England also made it to the final of the World T20 in 2016, coming within a few mishits of matching their winning efforts in 2010. As much as there is temptation to lay this Ashes despair at Bayliss’ door, he is doing good work in other areas.

Rarely have England been so watchable in coloured clothing, packed full of dynamic ball-strikers like Jos Buttler, Ben Stokes, Alex Hales, Jason Roy and others who have thrived on a licence to thrill. And with that has come an appreciation of white ball cricket as a whole that England gone without for the longest time. Unfortunately, Bayliss has not been able to impart that kind of clarity to the men in white.

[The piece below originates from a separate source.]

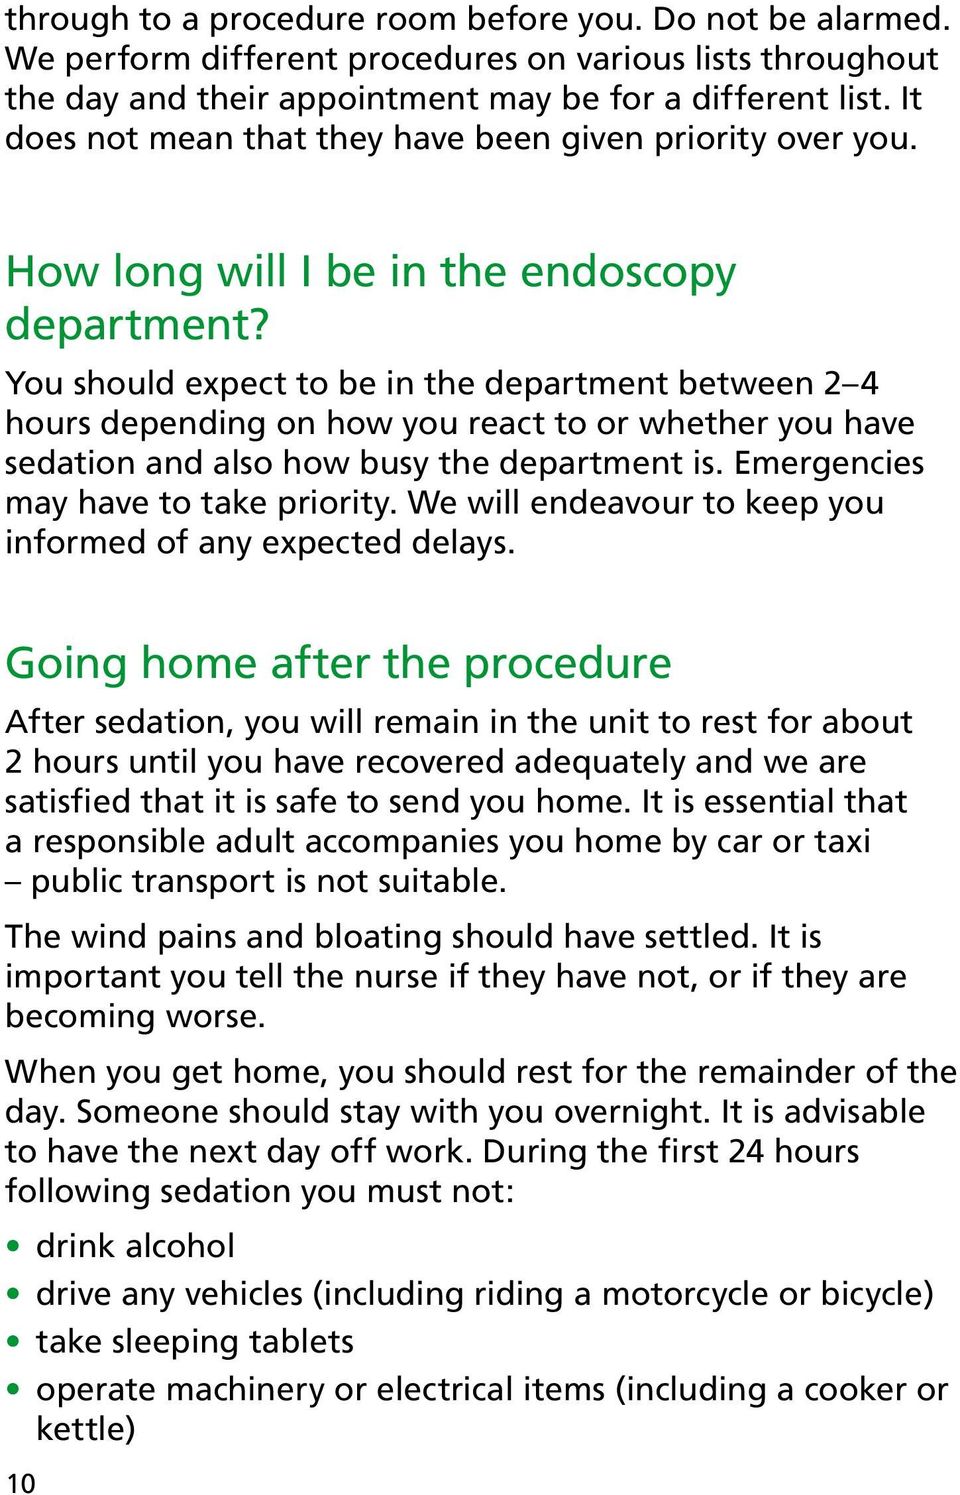 You should expect to be in the department between 2 4 hours depending on how you react to or whether you have sedation and also how busy the department is. Emergencies may have to take priority.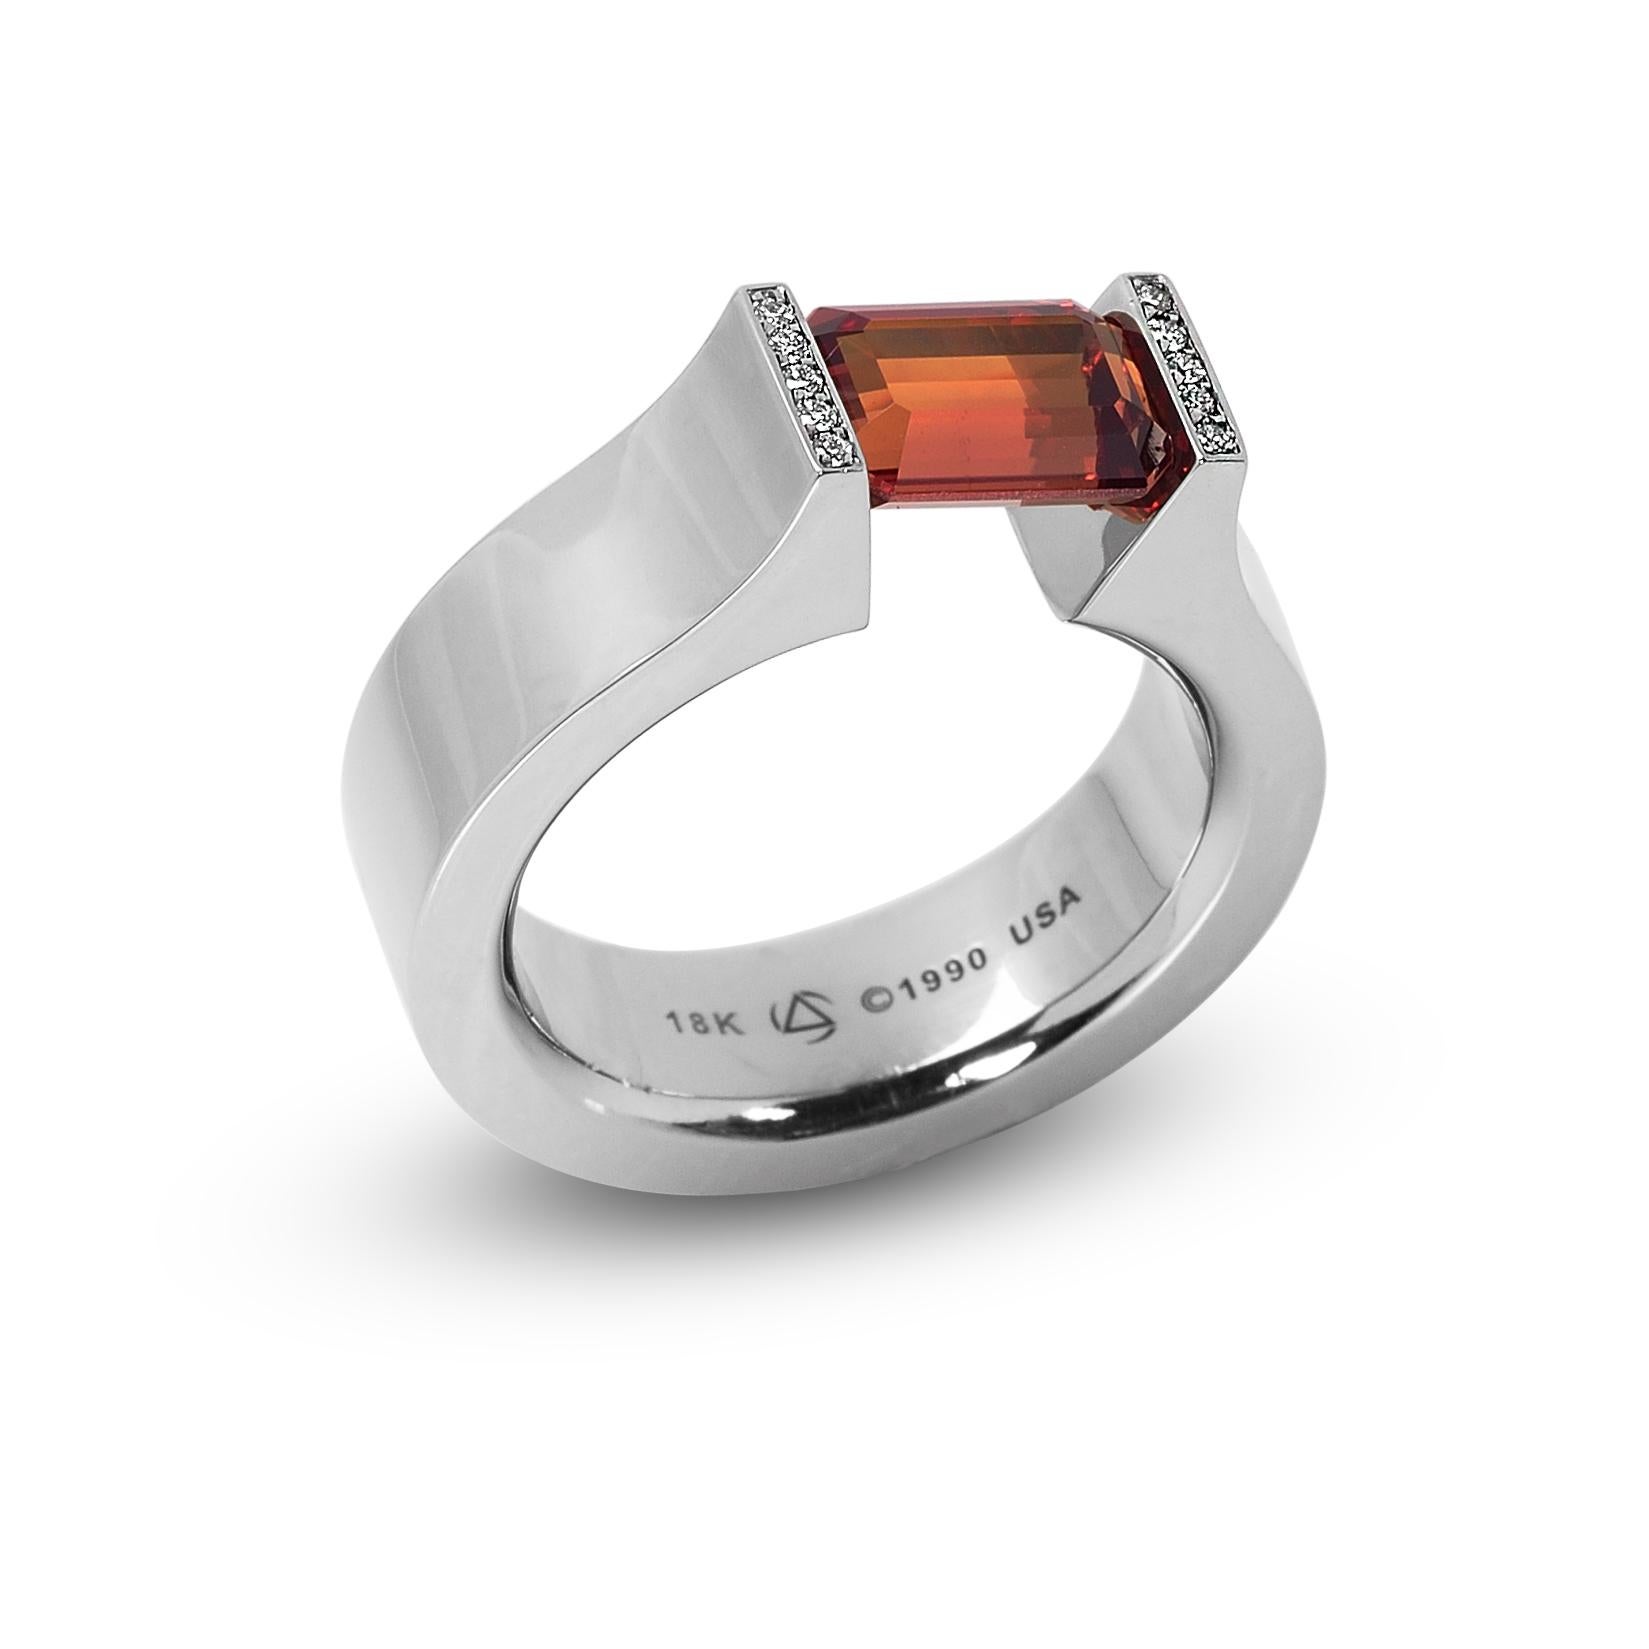 The Steven Kretchmer Hard Omega ring with pave lips and a tension-set orange sapphire is handcrafted in 18K white gold with a shiny finish. The 2.27 ct. emerald cut sapphire is a deep and fiery citrusy orange. The setting features five F/VS diamond

There’s a repetitiveness to England’s play that Australia were able to rely on, especially during the moments when it looked like the tourists might just match them. Wickets just before stumps were as regular as clockwork, so too boundary balls just when pressure was being built in the field. Steve Smith’s side knew, whatever the situation, mistakes were around the corner.

So, what to do…

Well, nothing for now. ECB chairman Colin Graves and chief executive Tom Harrison have, separately, stated that Bayliss’ job is secure.


Those assurances were given prior to Bayliss’ statement on his future, but both would have known of his intentions and a word of support in these circumstances is merely a formality.

But how much time can pass with so little progress made? England, lest we forget, still don’t have a set opener, number three or noteworthy quick behind James Anderson and Stuart Broad – before something is done.

Pakistan and India tour this summer (two and five Tests, respectively), both with good memories against a team with the same problems they had when they last met in 2016. Defeat in both series will leave Bayliss’ position borderline untenable, but ousting him then, on the eve of a home World Cup would be disastrous.

It may be an option that the Australian continues his work with the white-ball while another coach is brought in to work with the Test side ahead of taking over full-time at the end of 2019.

Such a move may undermine Bayliss, who has promised to ensure the groundwork is in place for his successor ahead of the next overseas Ashes. But it might also work in his favour. He still lives in Australia and, when the schedule allows it, ensures he gets back home as much as possible. Taking him out of the Test cycle will enable him to perfect that work-life balance.